▸ ASSIGNED TASK:
Down to the last line, reproduce the data that follows, but skip the pictures.

▸ AVAILABLE DATA:
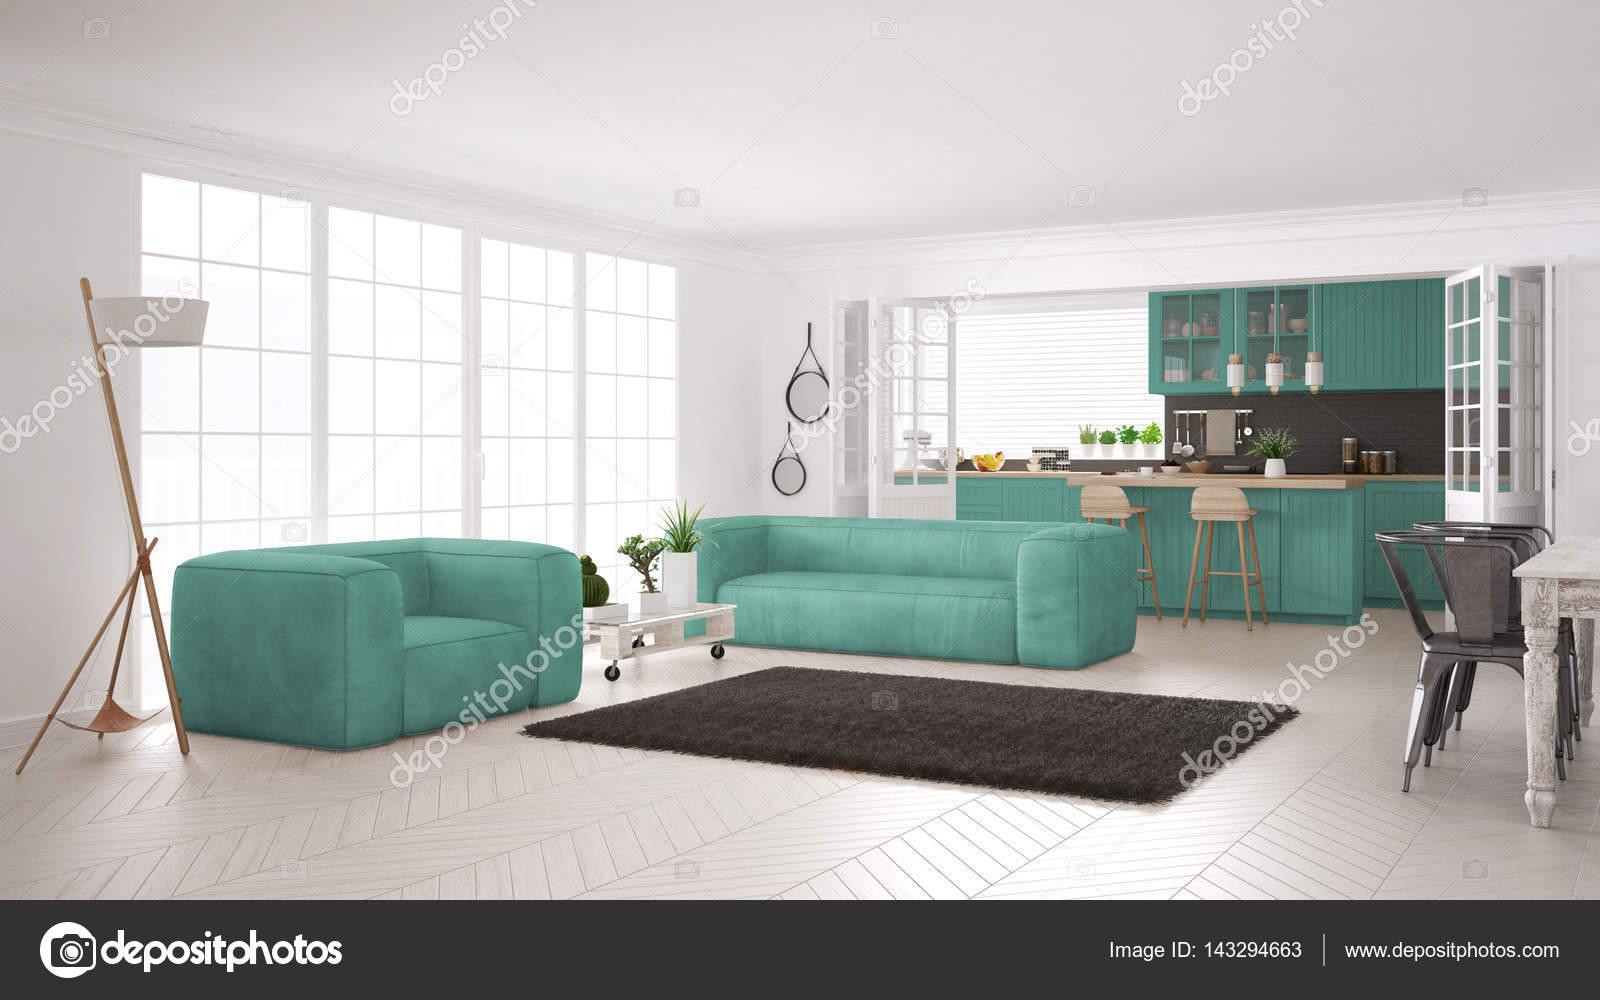 minimalistyczne bia y i turkusowy salon z kuchni skandynawska zdj cie stockowe archiviz. Black Bedroom Furniture Sets. Home Design Ideas
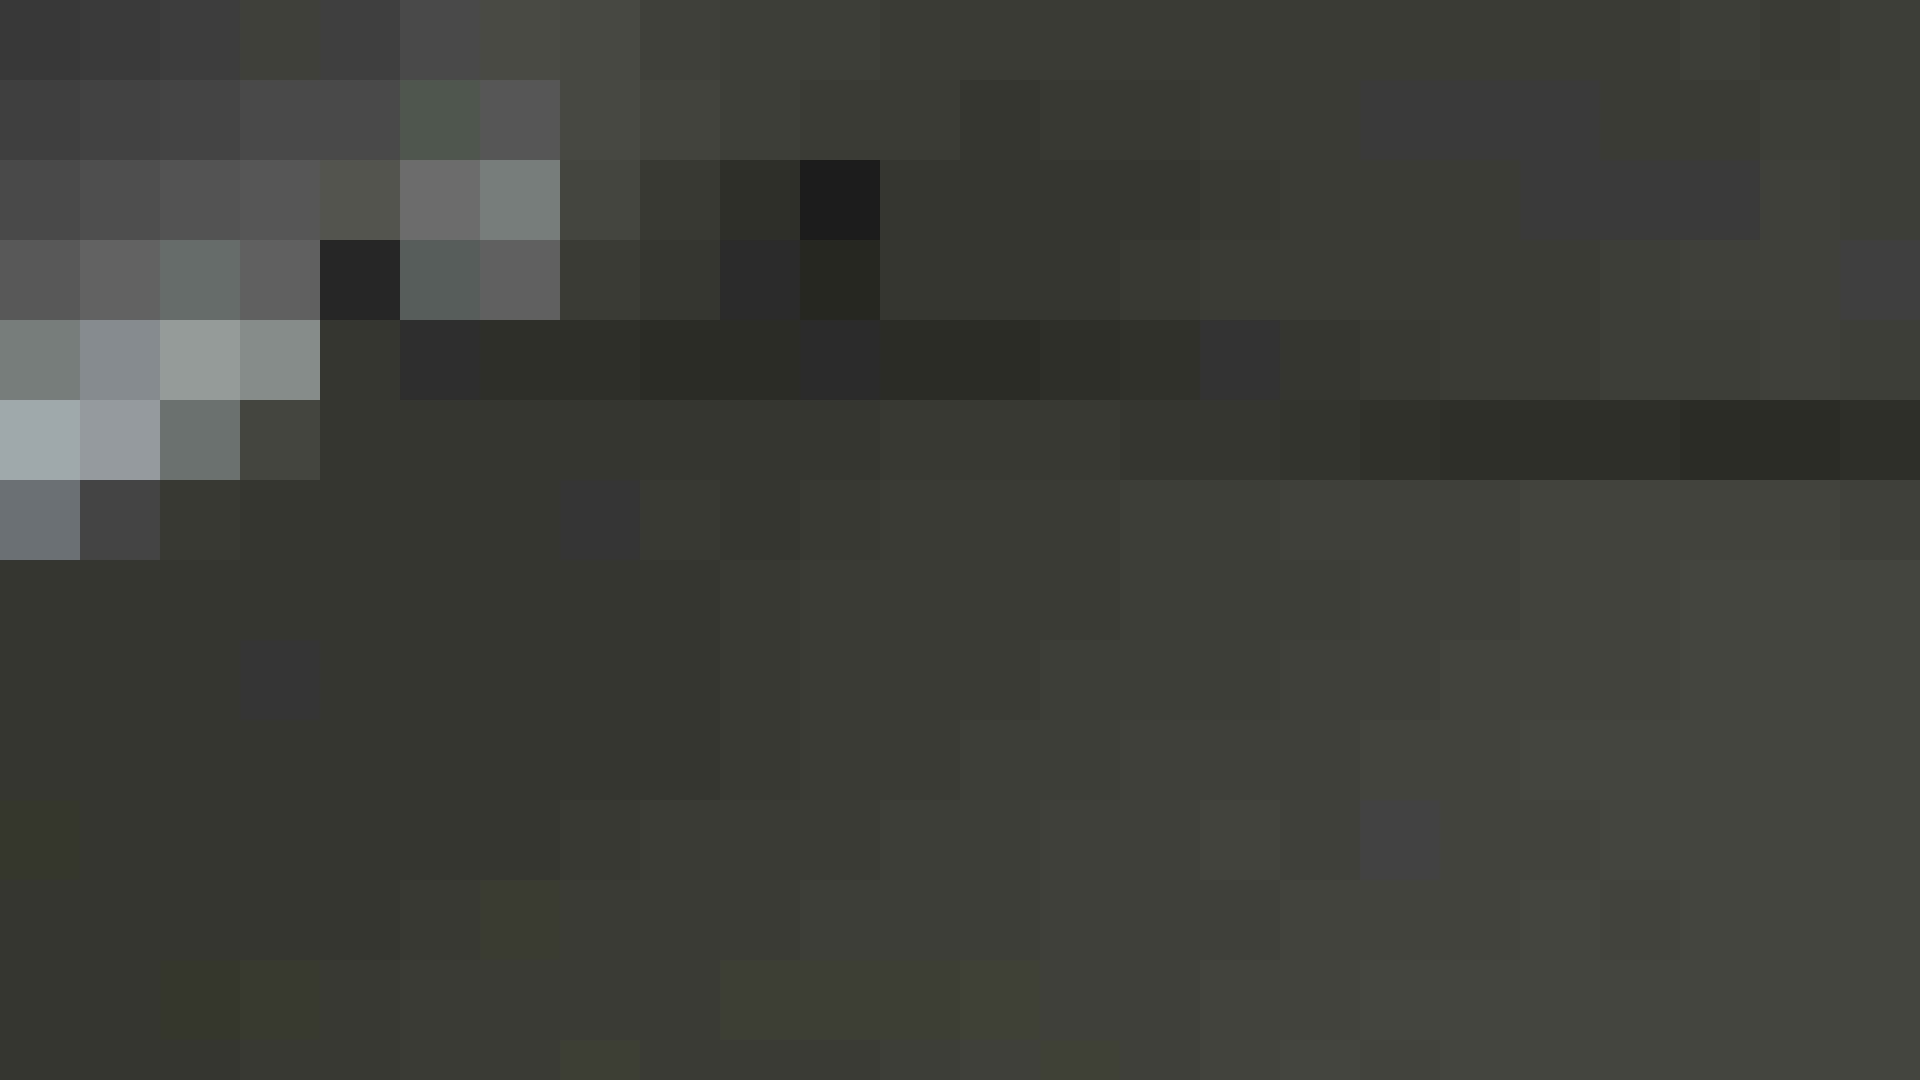 お市さんの「お尻丸出しジャンボリー」No.4 洗面所 われめAV動画紹介 104画像 98
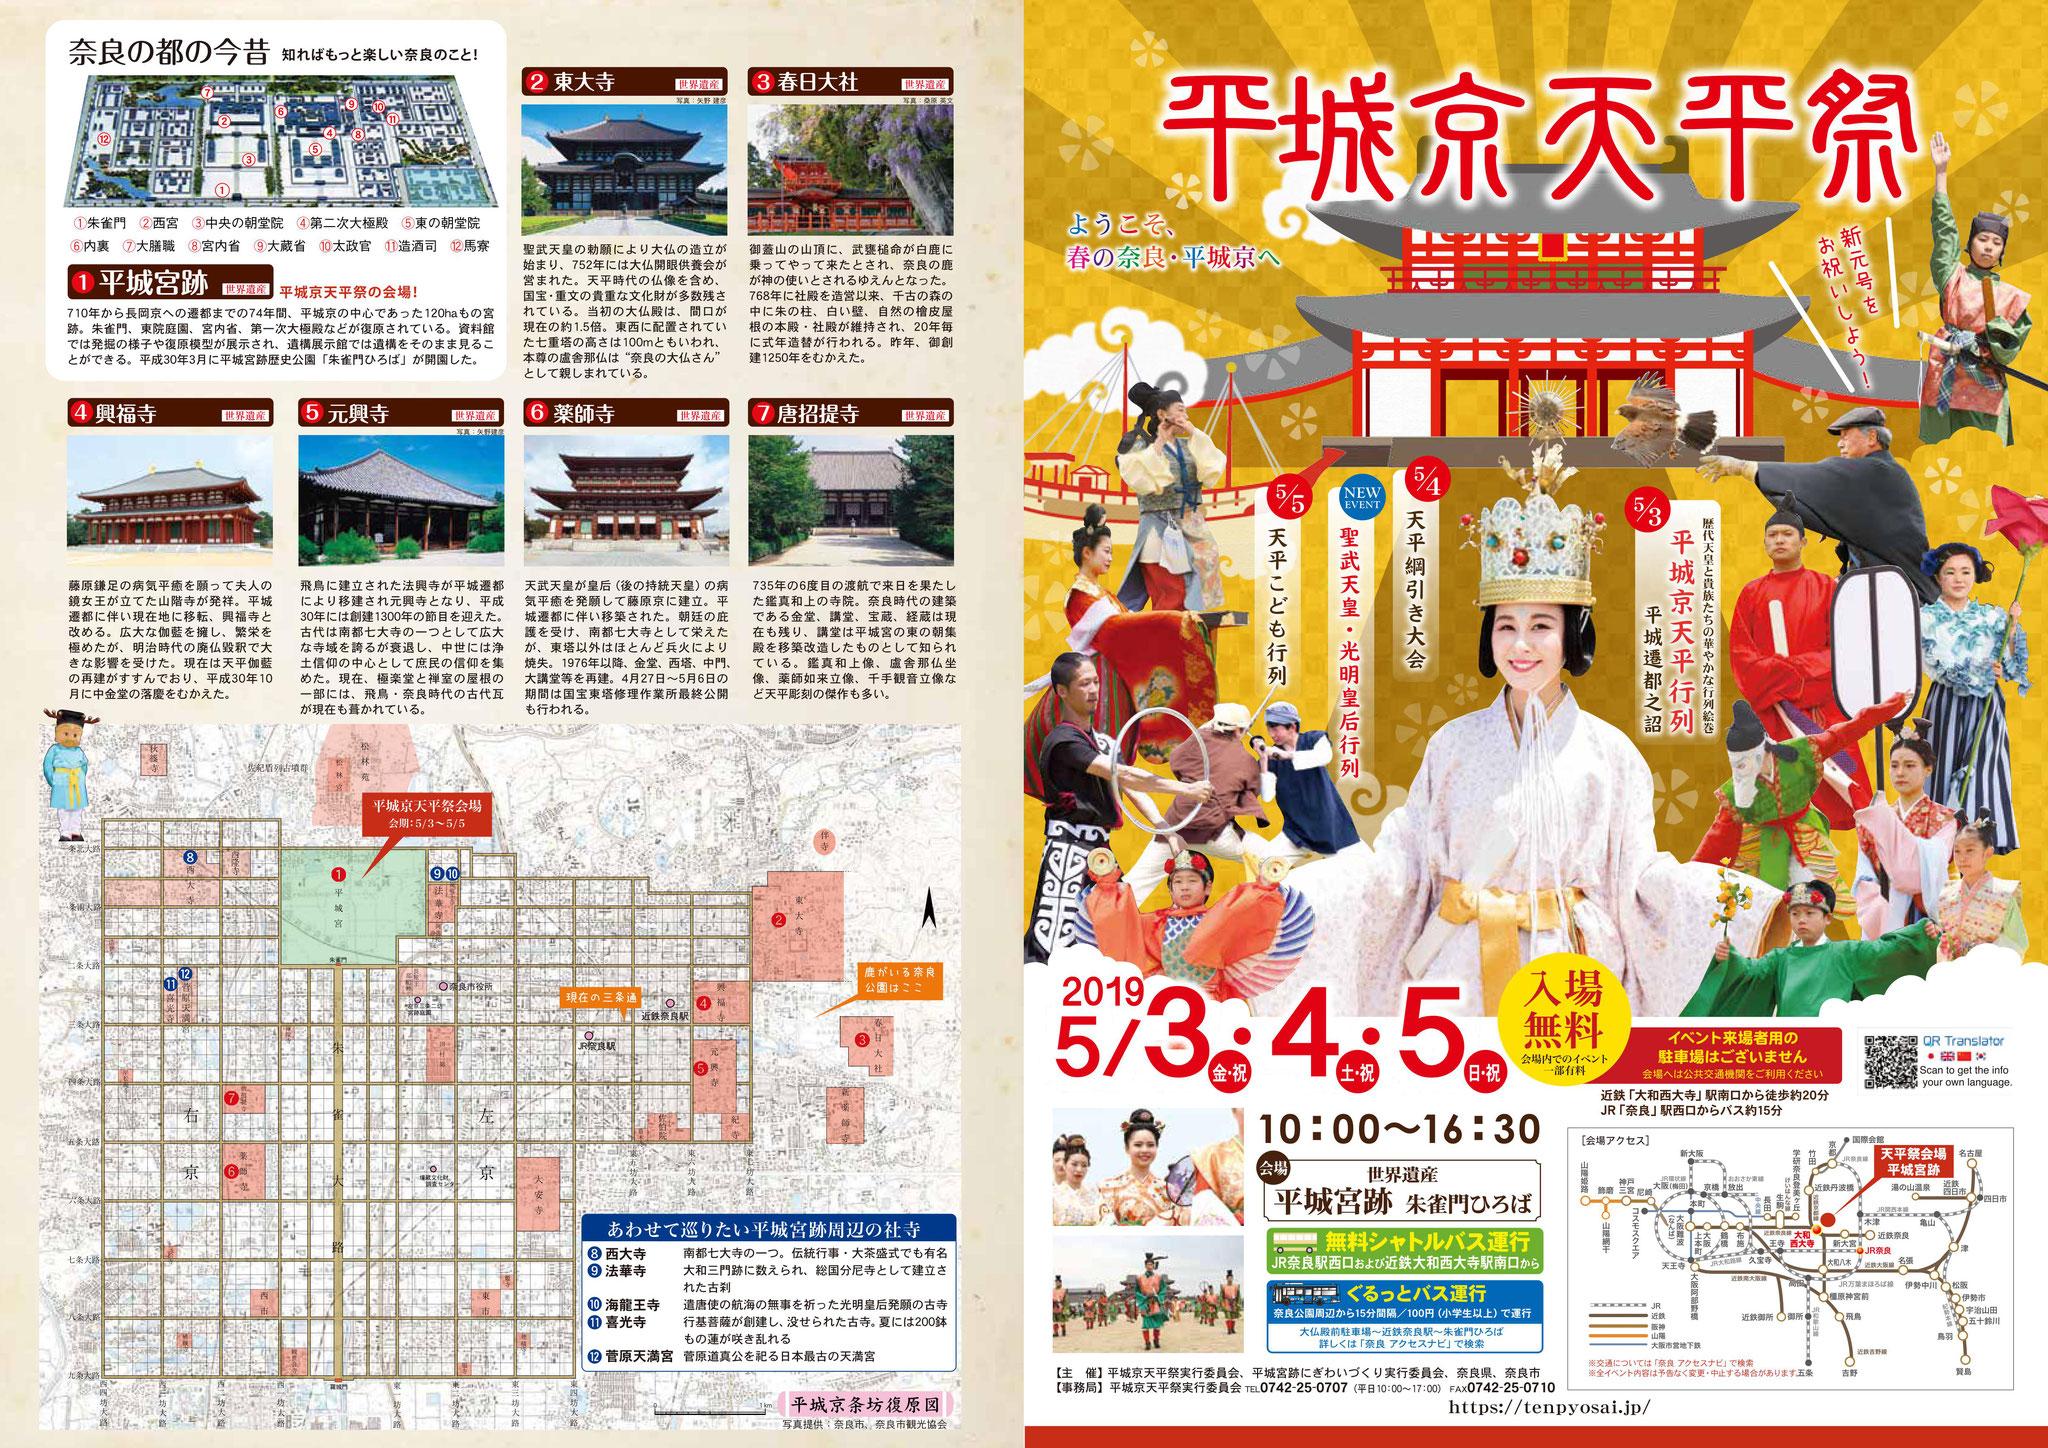 平城京天平祭2019

▸ YOUR RESPONSE:
 minimalistyczne bia y i turkusowy salon z kuchni skandynawska zdj cie stockowe archiviz. Black Bedroom Furniture Sets. Home Design Ideas
 お市さんの「お尻丸出しジャンボリー」No.4 洗面所 われめAV動画紹介 104画像 98
 平城京天平祭2019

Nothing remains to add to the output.